Assigned task →
Please write out only the lines from the line with "50bf9704f588f Makaha Polarized Sunglasses" to the line with "File:Hydra Battle.jpg", inclusive, exactly as they stand below, without the pictures.

Supplied records →
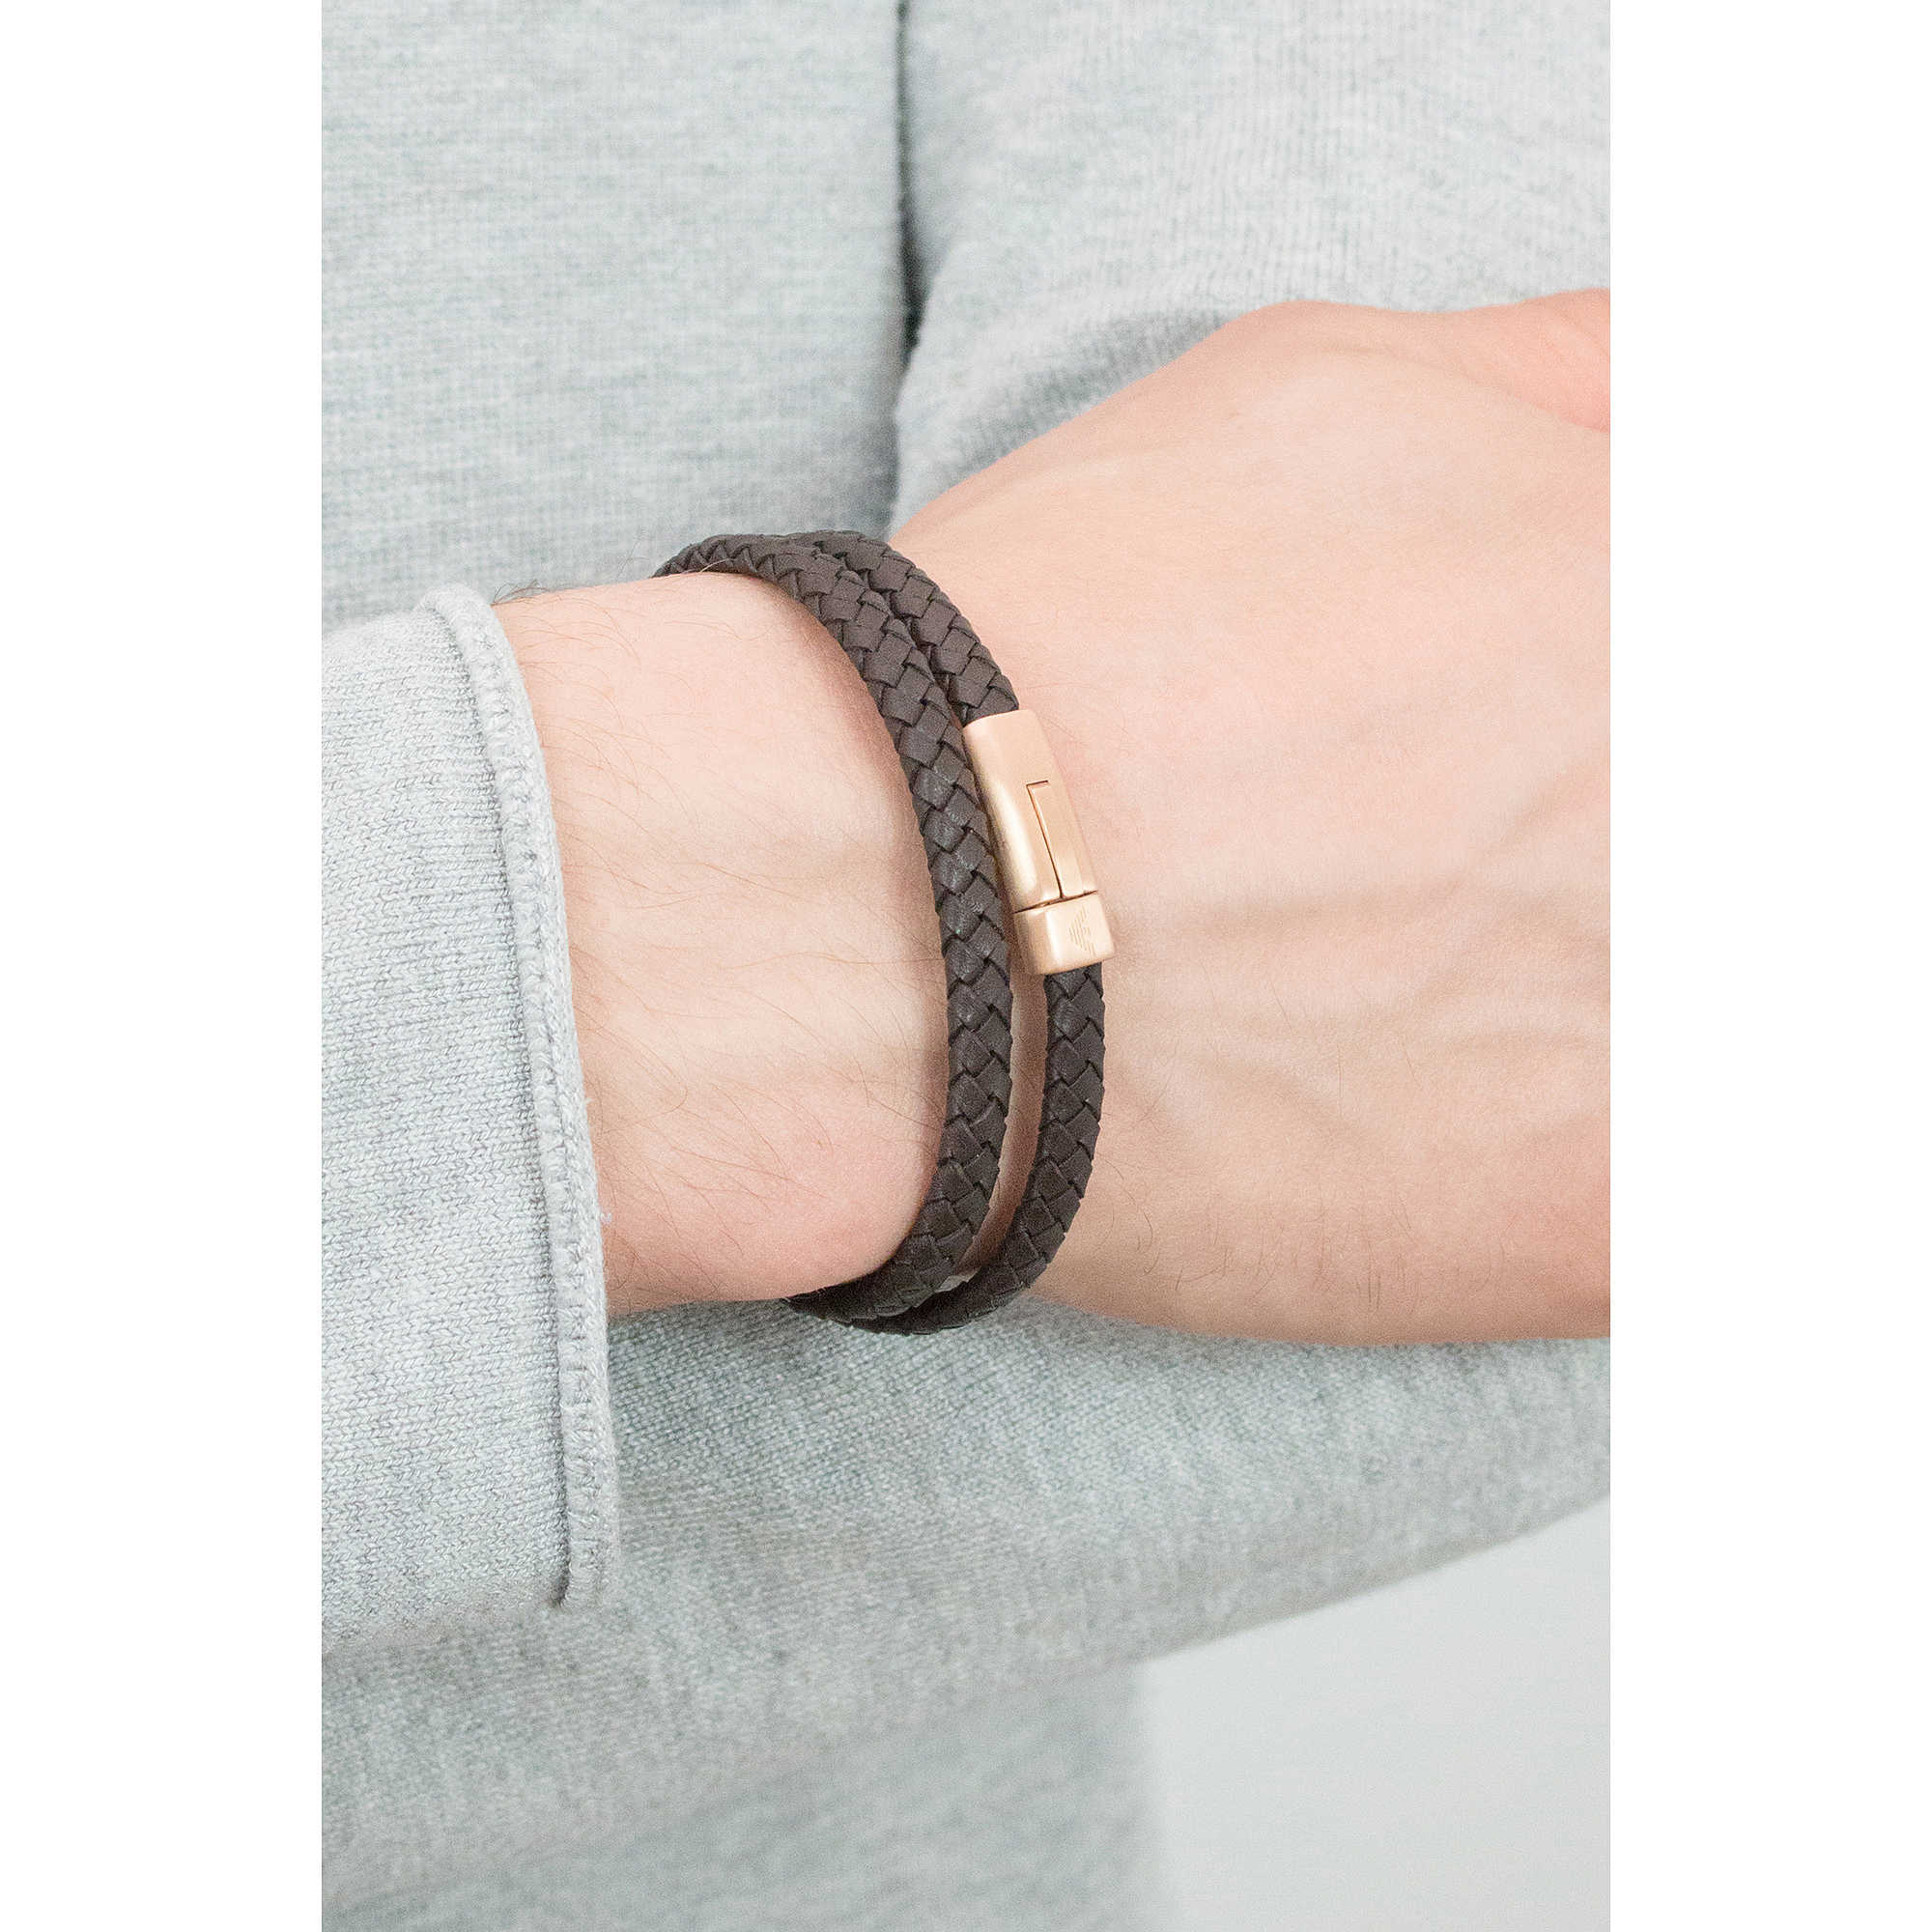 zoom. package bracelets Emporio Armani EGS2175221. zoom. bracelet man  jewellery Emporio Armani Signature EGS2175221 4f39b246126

* * *

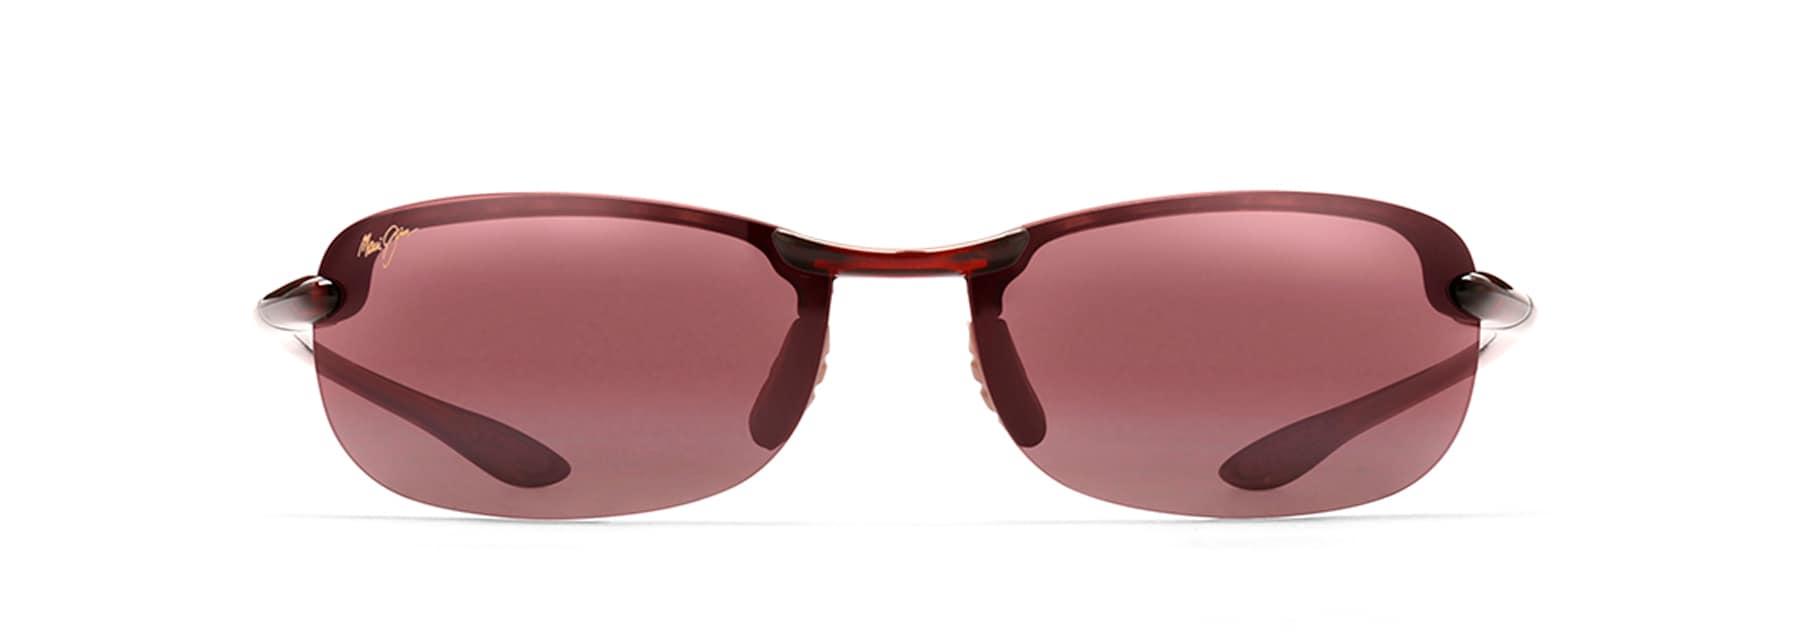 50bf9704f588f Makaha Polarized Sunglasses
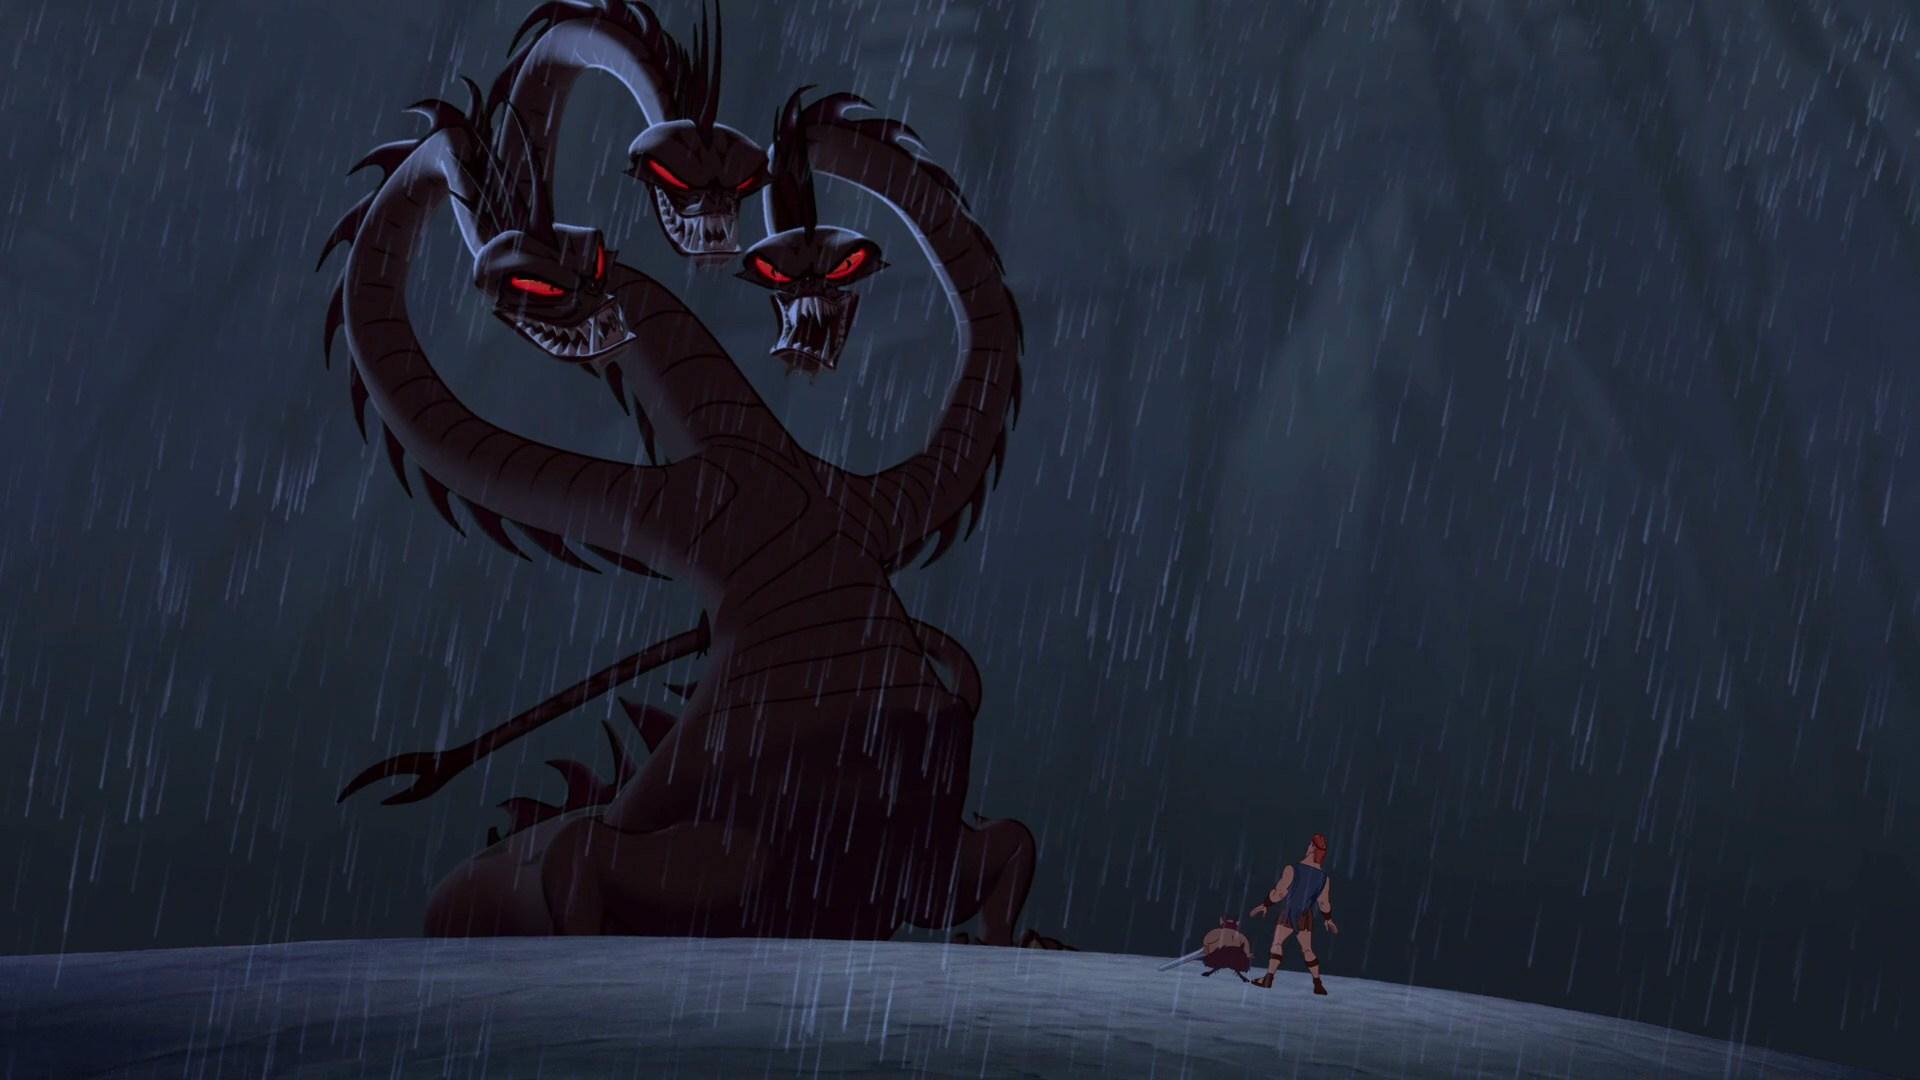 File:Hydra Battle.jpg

Written answer →
 50bf9704f588f Makaha Polarized Sunglasses
 File:Hydra Battle.jpg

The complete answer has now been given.